WASHINGTON (FinalCall.com) – There’s federal government poor, and then there’s Mississippi poor. Mississippi poor is worse. According to a report recently released by the Census Bureau, Mississippi is one of five states and the District of Columbia with the highest poverty rate in the country.
All across America, the poor are getting poorer with the South leading the way. The nation’s official poverty rate rose from 11.7 percent in 2001 to 12.1 percent in 2002 and median household money income declined 1.1 percent in real terms from 2001 to $42,409 in 2002, according to new U.S. Census Bureau data issued September 26. According to the official poverty measure, about 1.7 million more people were in poverty in 2002 than in 2001 (34.6 million versus 32.9 million). These estimates reflect the effect of the recession, which began in March 2001 and ended in November of the same year.
“These numbers are a continuation of what we’ve seen after past recessions. The economy has been declared in recovery, but it takes an additional two years for the effects to be seen,” Dr. William Spriggs of the National Urban League’s Institute for Opportunity and Equality told The Final Call.
“Those numbers are for 2002. We have to ask the question, what will they look like for this year? At the end of September, we’re still down 1 million jobs and the labor market is tougher.”
He added, “More people are unemployed for longer periods, like 26 weeks which is considered a long time. The numbers are getting worse.”
The facts of life
The poverty rate and number of families in poverty increased from 6.8 million in 2001 (or 9.2 percent of all families) to 7.2 million (or 9.6 percent) in 2002. The poverty rates for children, those 65 and over, non-Hispanic Whites, Asians, Hispanics, female-householder families, those in central cities or outside metropolitan areas and people in the Northeast, South and West did not change between 2001 and 2002.
“Poverty rates rose among people aged 18-64, among married couple families, in the Midwest and in the suburbs of metropolitan areas,” said Joe Dalaker, statistician in the Poverty and Health Statistics Branch of the U.S. Census Bureau.
The number of people in severe poverty increased from 13.4 million in 2001 to 14.1 million in 2002, and the number just above the poverty threshold, 12.5 million, did not change.

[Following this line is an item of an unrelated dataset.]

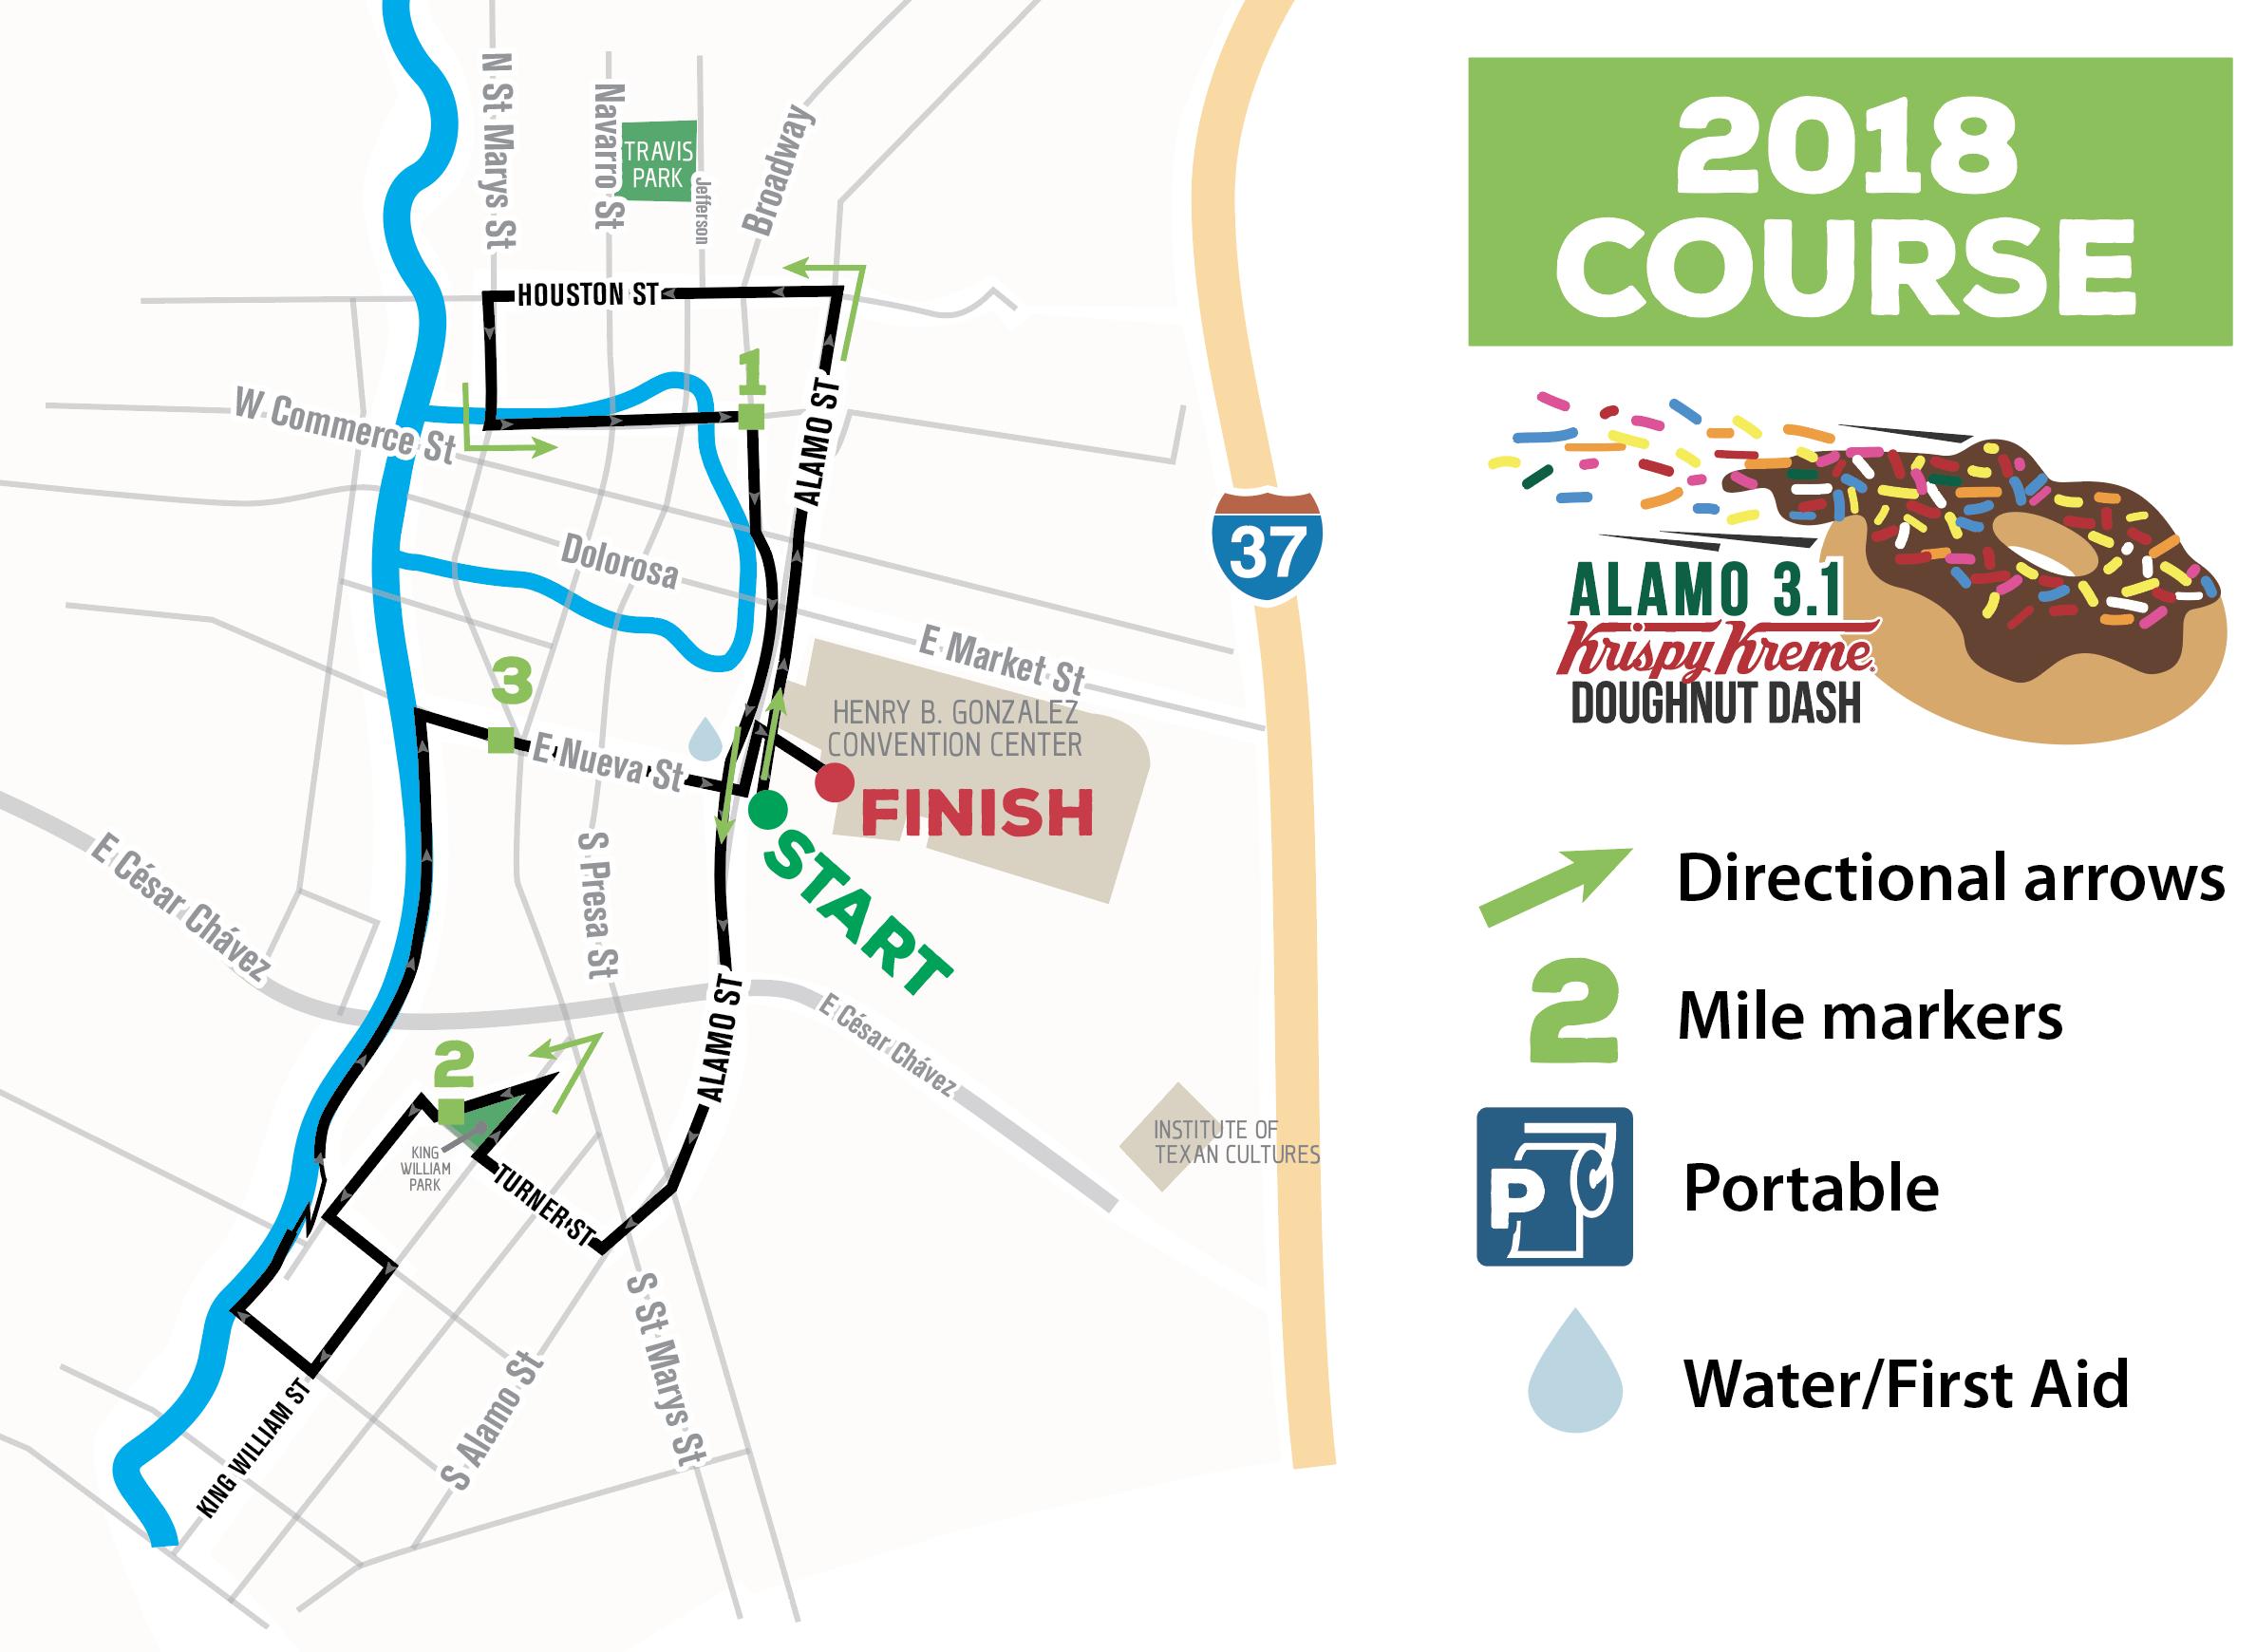 Alamo 3.1 course map
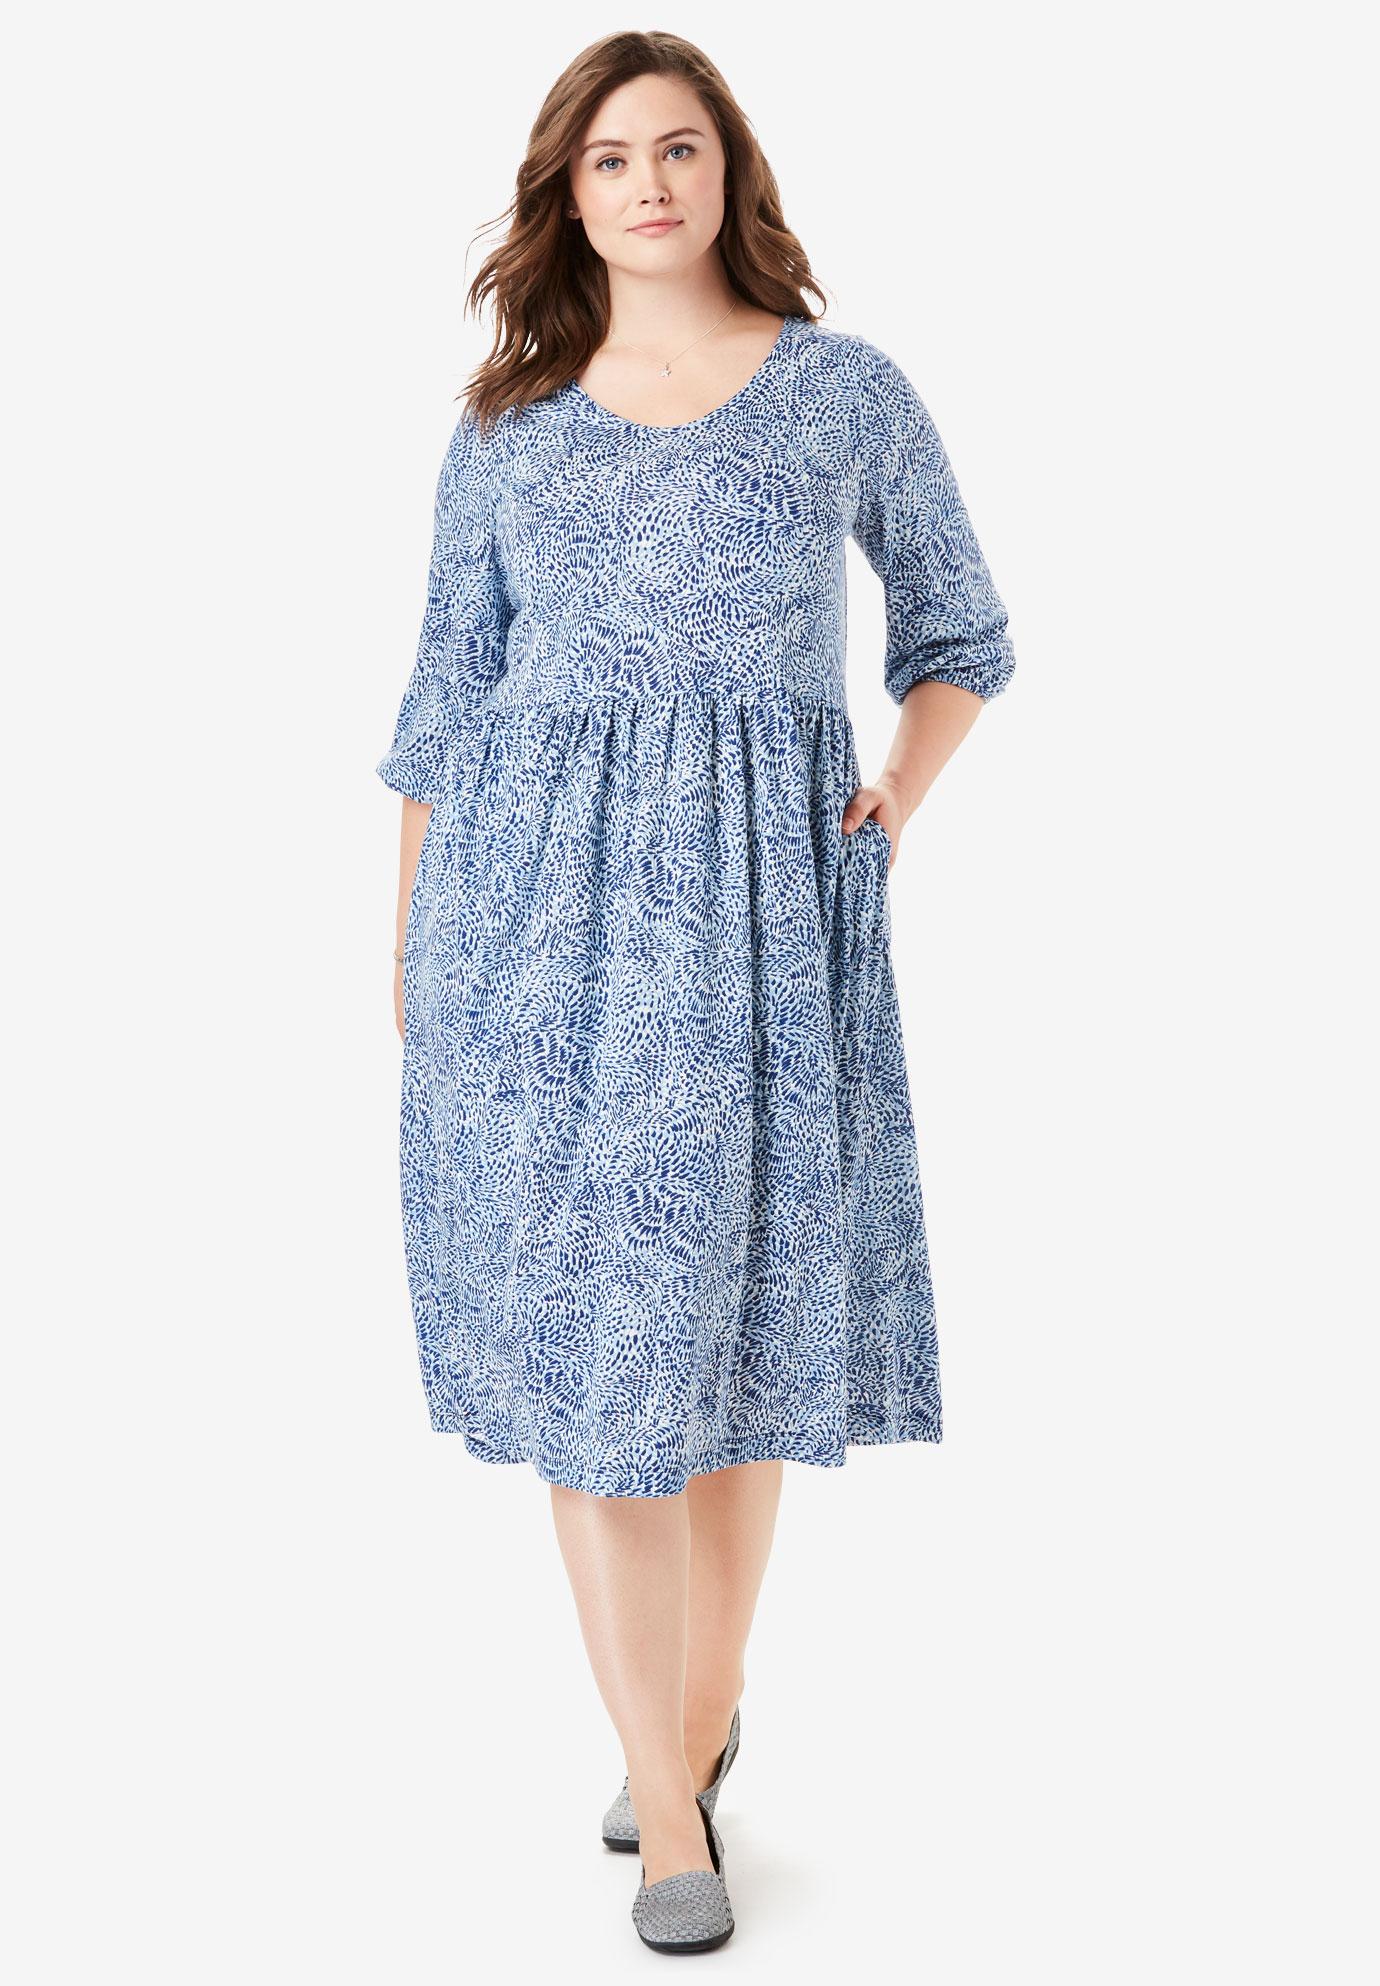 Empire Waist Dress| Plus Size Casual Dresses | Full Beauty

“The Census Bureau uses 48 different dollar amounts, called thresholds, to compute poverty data. For example, a family of four, with two children and two adults, had a threshold of $18,244,” said Mr. Dalaker
Median earnings increased 1.8 percent for women who worked full-time, year-round and 1.4 percent for similar men, and the child poverty rate remained unchanged, in spite of the recession.
“Looking at the 2001-2002 average, poverty rates increased in 9 states, and fell in none,” said Mr. Dalaker.
For Blacks in 2002, 24.1 percent were in poverty, higher than the 22.7 percent for those who reported Black on the census in 2001. The corresponding figure for those reporting Black regardless of whether they reported any other races in 2002 was 23.9 percent.
According to the official measure, the Midwest was the only region whose poverty rate increased between 2001 and 2002, from 9.4 percent to 10.3 percent. The poverty rates in the Northeast (10.9 percent), West (12.4 percent) and South (13.8 percent) did not change.
The official poverty rates ranged from about 5.6 percent in New Hampshire and Minnesota to about 18.0 percent in Arkansas, Mississippi, New Mexico, Louisiana, West Virginia and the District of Columbia, according to a three-year average (2000 to 2002).
The poverty rates remained unchanged in 41 states and the District of Columbia, while they increased in Arkansas, Florida, Hawaii, Illinois, Maine, Michigan, Mississippi, South Carolina and Utah, based on comparisons of two sets of two-year averages, 2000-2001 and 2001-2002.
“We’re in the middle of a horrible recession,” said Dr. Spriggs, “The deficit is getting larger and larger. The problem is that this deficit is not creating jobs.”
“The government usually spends money which puts them in a deficit to create jobs. It’s a long-term investment. People then will pay taxes, so the money will be recouped in the long run.”
He added, “Now, President Bush is just running up a debt to finance the war in Iraq. At the end of the day, he’s just running up a debt like it’s a party.”